Il reste désormais à attendre la décision de la Cour de justice de l'Union européenne, pour être fixé. 

 

coauteurs et œuvre audiovisuelle

L'article L. 113-7 du code de la propriété intellectuelle présume coauteurs d'une œuvre audiovisuelle l'auteur du scénario, l'auteur de l'adaptation, l'auteur du texte parlé, l'auteur des compositions musicales spécialement réalisées pour l'œuvre et le réalisateur.

Les auteurs de la musique et des paroles d'une série télévisuelle enfantine avaient assigné le producteur en contrefaçon pour avoir fait éditer l'œuvre en question sous la forme d'une collection de DVD, en méconnaissance de leurs droits.

La cour d'appel a déclaré leur action visant à la défense de leurs droits patrimoniaux irrecevable, faute par eux d'avoir appelé dans la cause l'ensemble des coauteurs. L'article L. 113-3 du code de la propriété intellectuelle dispose en effet que "l'œuvre de colalboration est la propriété commune des coauteurs" lesquels "doivent exercer leurs droits d'un commun accord".

Devant la Cour de cassation, les auteurs de la musique et des paroles arguaient qu'ils étaient au sens de l'article L. 112-2 du code de la propriété intellectuelle les auteurs d'une œuvre musicale propre et de ce fait recevables à agir, peu importe le mode de diffusion de l'œuvre. Ainsi leur qualité ne pouvait se réduire à celle de coauteurs de l'œuvre audiovisuelle. 

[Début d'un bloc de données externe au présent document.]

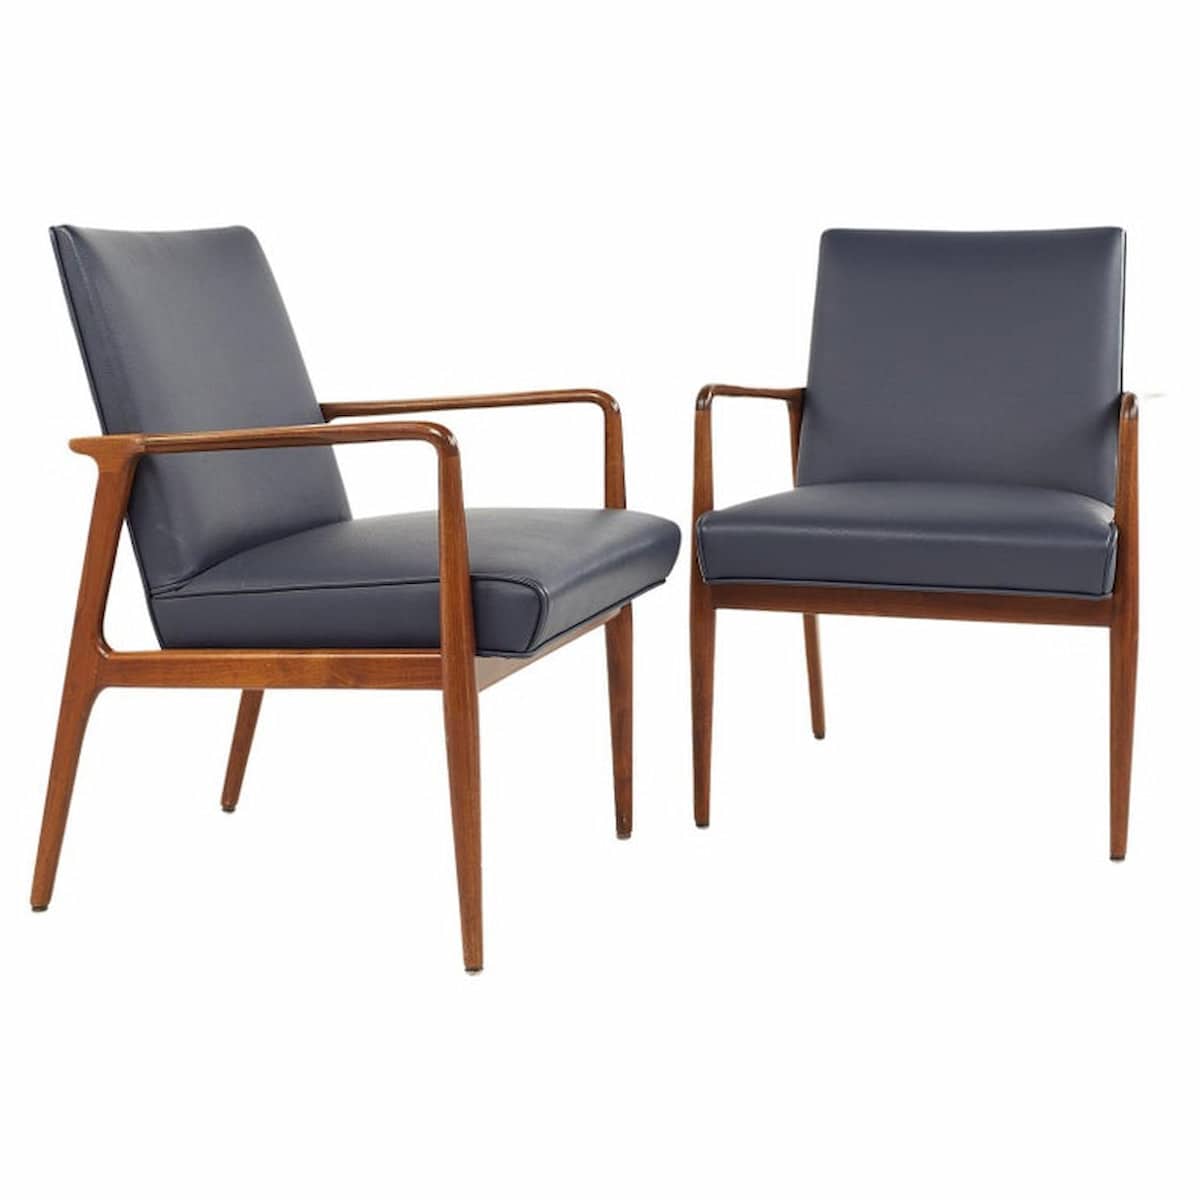 Stow Davis Mid Century Lounge Chair - a Pair

Par son arrêt du 22 mars 2012, la Cour de cassation met un terme à la procédure. Les conventions produites démontrent que les comptines avaient été spécialement conçues pour être associées aux images, peu important que celles-ci fussent préexistantes, et constituaient avec elles des œuvres audiovisuelles. Dès lors, l'action était bien subordonnée à la mise en cause de l'ensemble des coauteurs.

décoration, contrefaçon de droit d'auteur (non)

Une société de décoration d'intérieur que je représentais s'était vue reprocher, par une société concurrente, la copie de deux stickers représentant une ombre végétale ainsi qu'une décoration à suspendre en forme de papillon.

En première instance, le Tribunal avait rejeté la contrefaçon au motif qu'il ne se dégageait pas des objets décoratifs de la défenderesse une impression d'ensemble identique. Il avait en revanche retenu des actes de parasitisme au titre des deux premiers articles décoratifs représentant une ombre végétale, ce que la demanderesse avait néanmoins considéré insuffisant si bien qu'elle avait interjeté appel du jugement.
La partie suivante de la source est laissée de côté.